Down-Syndrom: Das verschwindende Kind
Emma hat eben ihren ersten Geburtstag gefeiert. Sie ist klein. Eigentlich könnte man sie für halb so alt halten. In ihrer Lebensphase ist das noch kein Vorteil. Sie kann noch nicht sitzen. Andere Kinder sind dazu meist mit sechs bis acht Monaten in der Lage. Aber Emma kann lachen. Mit Sorgenfalten auf der Stirn in die Welt schauen. Und richtig wütend brüllen, wenn sie findet, dass ihr eigentlich längst die Milchflasche zustünde.

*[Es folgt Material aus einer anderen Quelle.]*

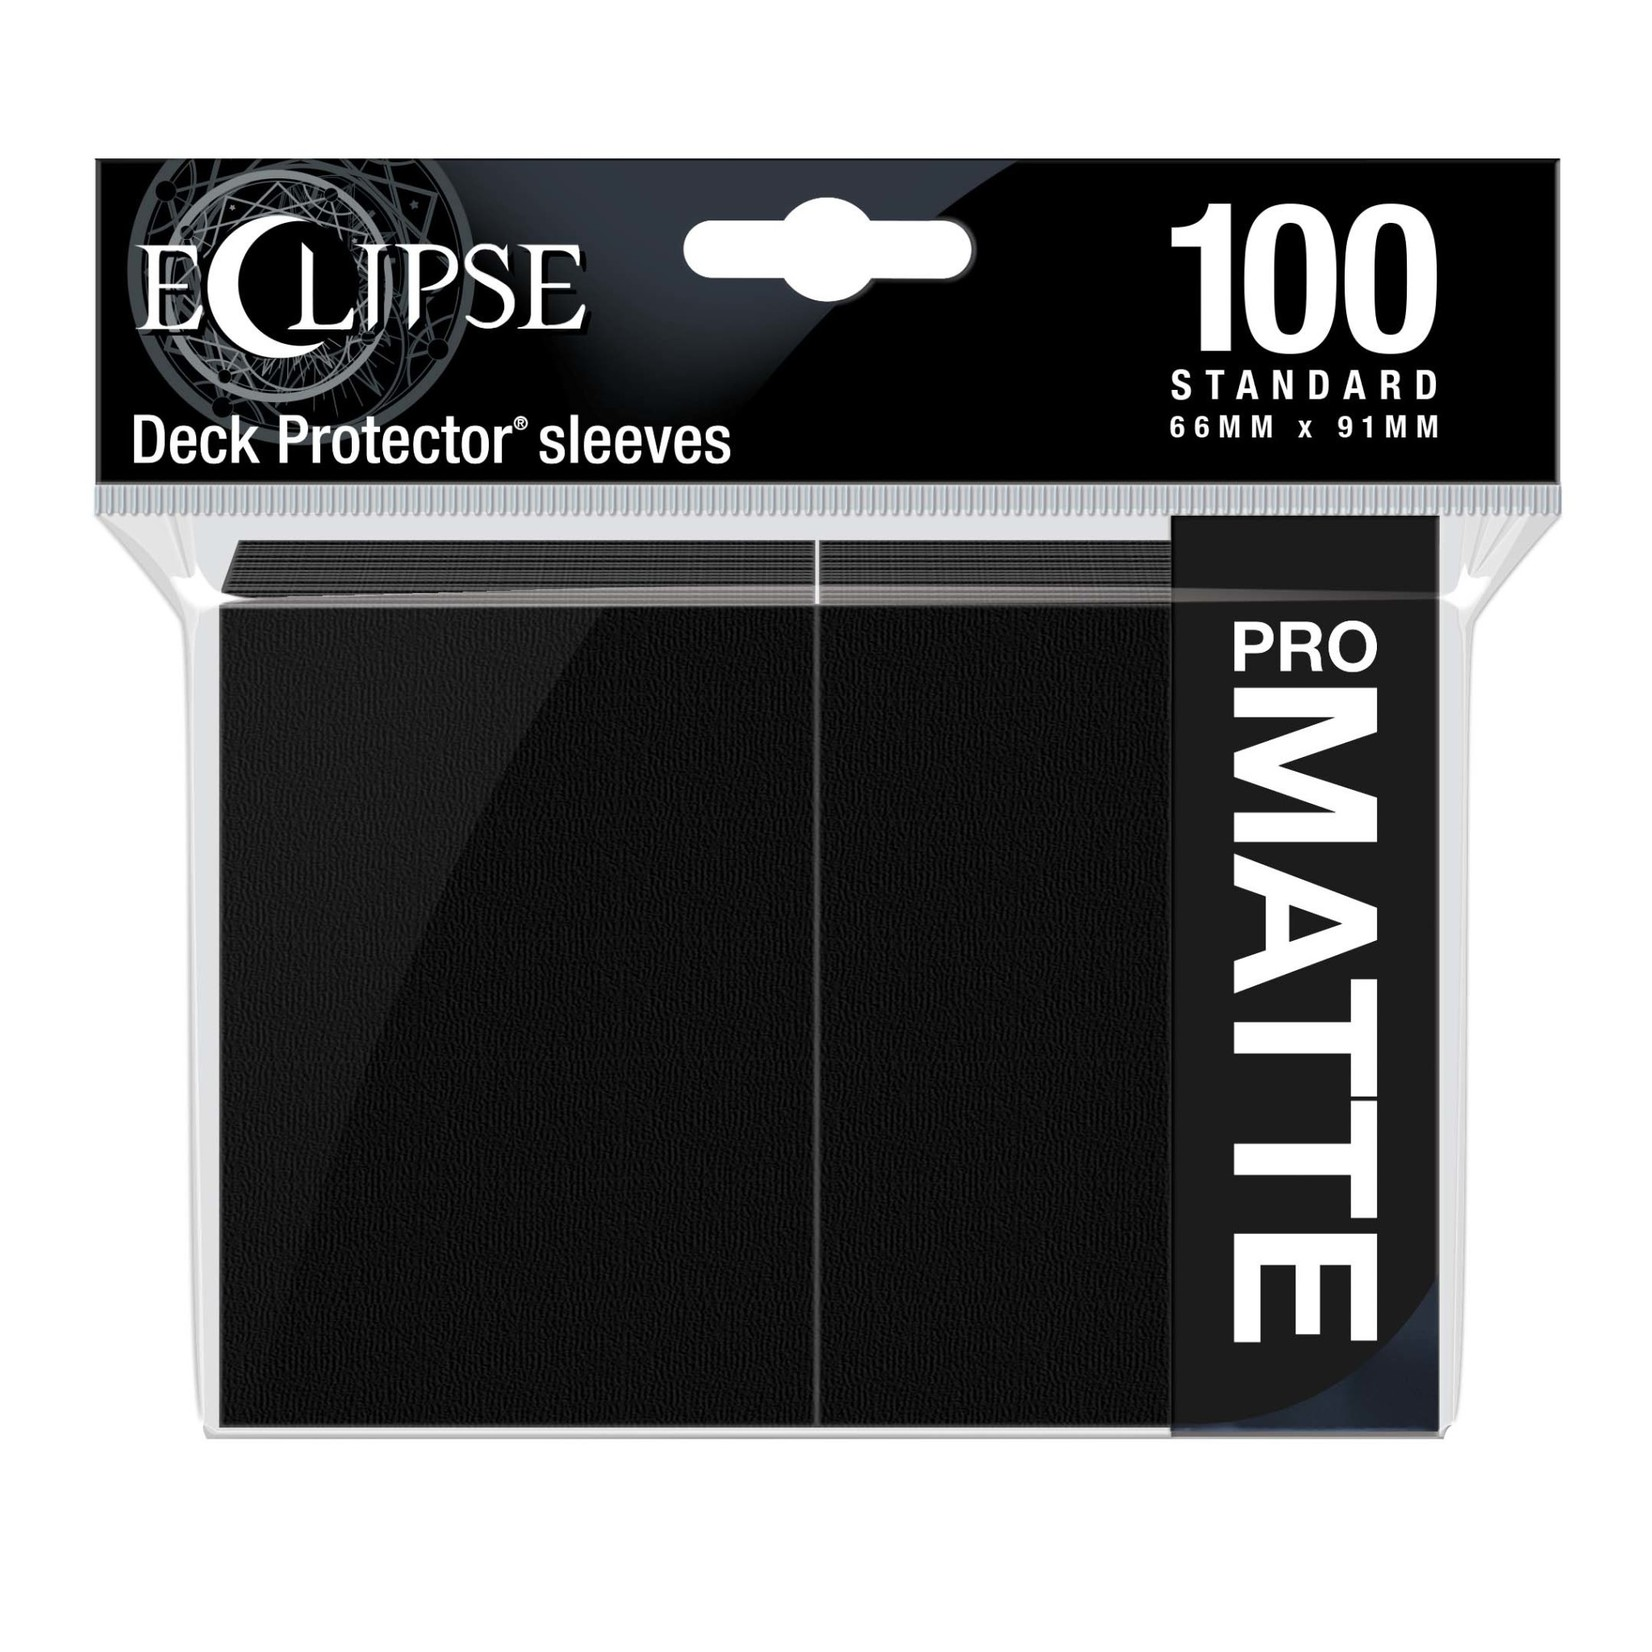 Ultra Pro Eclipse Matte Standard Sleeves: Jet Black (100)
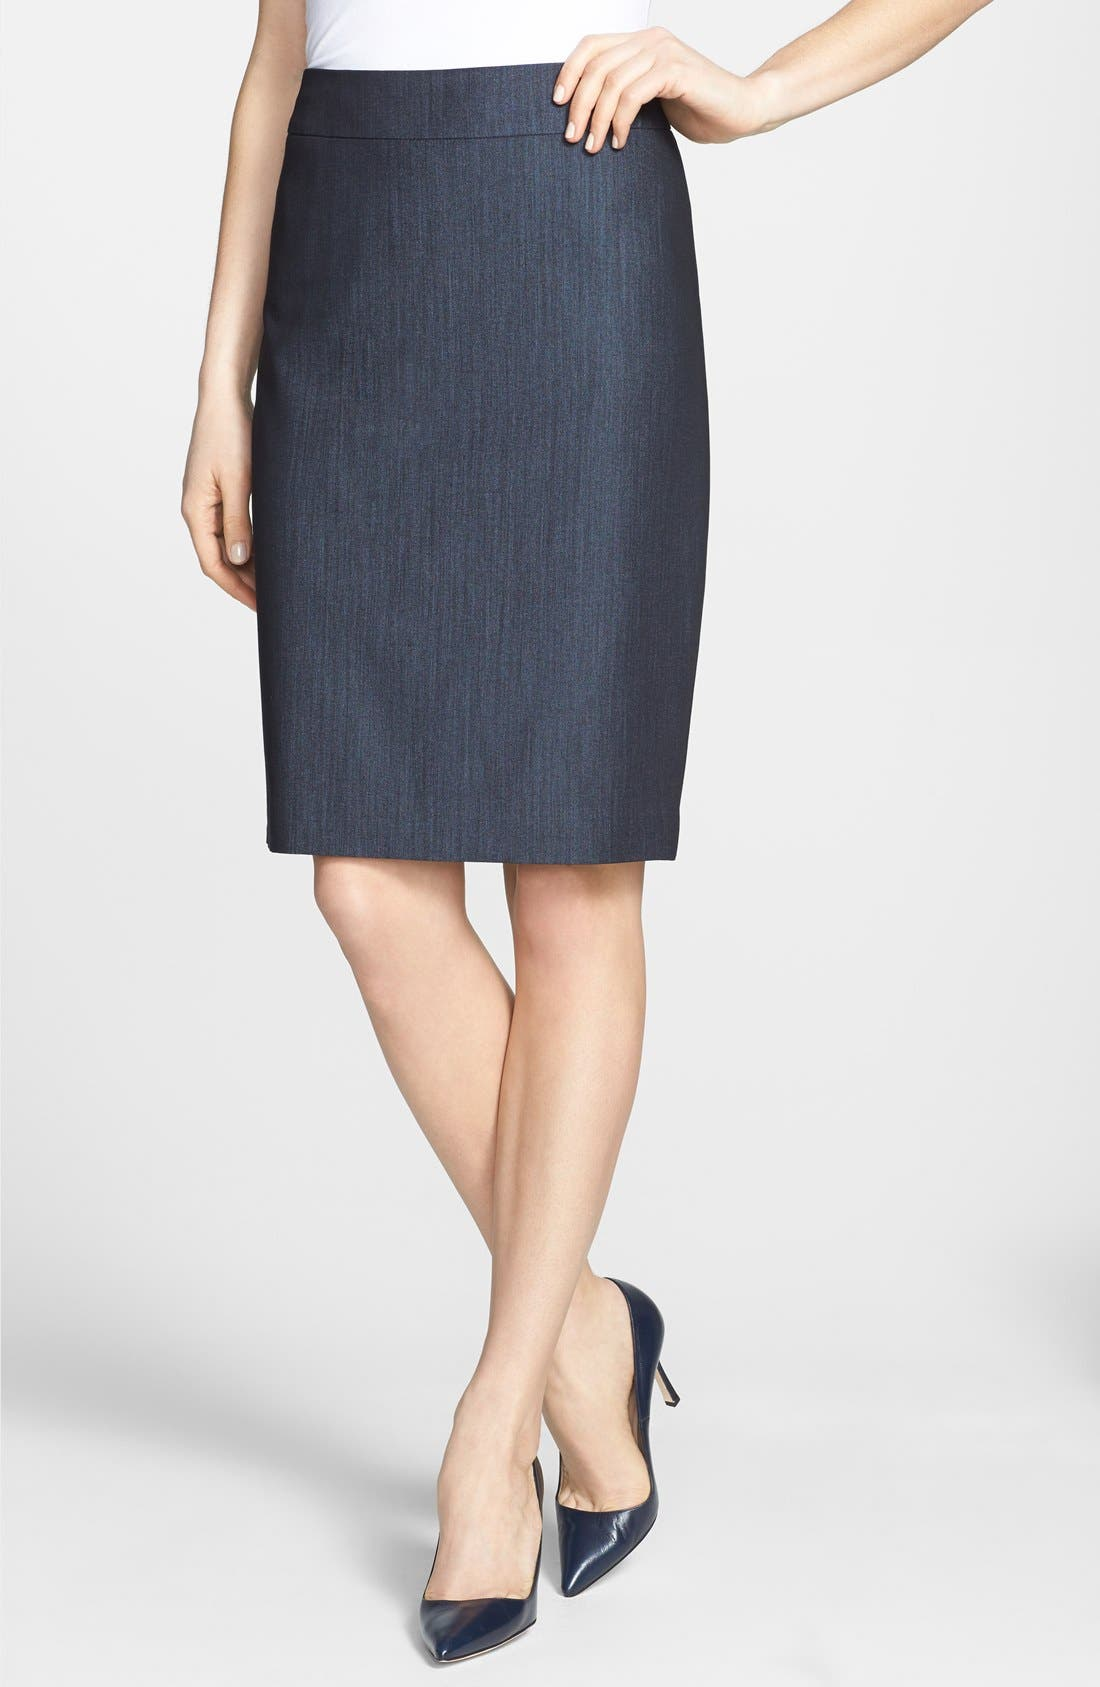 Alternate Image 1 Selected - Jones New York 'Lucy - Seasonless Stretch' Pencil Skirt

Emma besitzt das 21. Chromosom aufgrund einer unüblichen Verteilung des Erbguts in dreifacher Ausführung; sie ist ein Down-Syndrom-Baby. Viele Dinge wird sie mit hoher Wahrscheinlichkeit nie erlernen. Ein völlig selbstbestimmtes Leben wird sie nie führen können. Aber mit der entsprechenden Förderung und Unterstützung wird sie klar sprechen und später lesen, rechnen und schreiben lernen. Einen Schulabschluss machen. Einen Beruf ausüben. Sie kann mit einer durchschnittlichen Lebenserwartung von siebzig Jahren rechnen. Die irische Großmutter hat sich bei Emma durchgesetzt: Sie ist rothaarig. Zufrieden gurgelt sie Mamamama und tätschelt das Gesicht ihrer Mutter. Evelyne Faye ist Französin und mit dem profil-Fotografen Philipp Horak verheiratet.
Laut der Wiener Down-Syndrom-Ambulanz leben heute in Österreich geschätzte 9000 Menschen mit dieser Behinderung, die die kognitiven Fähigkeiten eines Menschen stark einschränkt. Eine exakte Statistik existiert nicht. Auch deswegen, weil imFehlbildungsregister der Statistik Austria nur jene Diagnosen erfasst werden, die bereits zum Zeitpunkt der Geburt feststanden. Viele Fehlbildungen werden aber erst später gesichert diagnostiziert und deswegen nicht statistisch erfasst. Mit Letztstand 2011 wurden in Österreich sechs Säuglingen Trisomie 21 attestiert, 2010 waren es noch doppelt so viele. An anderen Chromosomenanomalien litten 2011 acht Säuglinge, 2010 waren es noch 14. Die häufigsten Formen der bei der Geburt konstatierten Fehlbildungen sind körperlicher Natur: deformierte Füße und Gaumenspalten. Laut einer Mikrozensus-Befragung der Statistik Austria aus dem Jahr 2007 schätzen sich in Österreich 85.000 Menschen als intellektuell eingeschränkt und an Lernproblemen leidend ein, wobei der Grad der geistigen Benachteiligung in dieser Umfrage nicht erfasst ist. Wie viele Down-Syndrom-Kinder einem Spätabbruch zum Opfer fallen, kann nur geschätzt werden. Experten sprechen von 90 Prozent. Emmas Trisomie-21-Diagnose kam erst viele Stunden nach ihrer Geburt und völlig überraschend. Sie wurde ihrer erschöpften und noch sehr glücklichen Mutter im Wiener St. Josef Krankenhaus nach der Geburt vom Bauch genommen, weil sie angeblich dringend Sauerstoff brauchte: Da hatte ich noch keinerlei Verdacht. Ich dachte nur, dieses Kind ist viel kompakter als mein erstes fast wie eine kleine, süße Kartoffel.
Evelyne hatte schon fröhliche SMS-Botschaften von Emmas gelungener Ankunft an die in ganz Europa verstreuten Verwandten verschickt. Und dann begann der Albtraum. Plötzlich hieß es, Emma leide an einem Herzfehler, sie müsse nach Glanzing, in die Kinderstation des Wilhelminenspitals, verlegt werden. Ihr Vater begann verzweifelt zu googeln. Herzfehler bei Neugeborenen wurden in der Suchmaschine häufig in Zusammenhang mit dem Down-Syndrom erwähnt. Fragen begannen durch seinen Kopf zu schießen. Von den Ärzten sollte er noch lange keine Antwort bekommen nur verlegenes Herumgedruckse und nebulose Andeutungen.
Es verging ein halber Tag, ehe Emmas Eltern im menschenleeren Gang der Kinderklinik Glanzing von einem Arzt, den sie erstmals in ihrem Leben zu Gesicht bekamen, zwischen Tür und Angel, die verlegene Frage Sind Sie mit Trisomie 21 vertraut? gestellt bekamen. Beim Abschluss des Gesprächs erklärte er den beiden, dass sie ihre Tochter erst am folgenden Tag ab 12 Uhr sehen könnten. So seien eben die Besuchszeit-Vorschriften.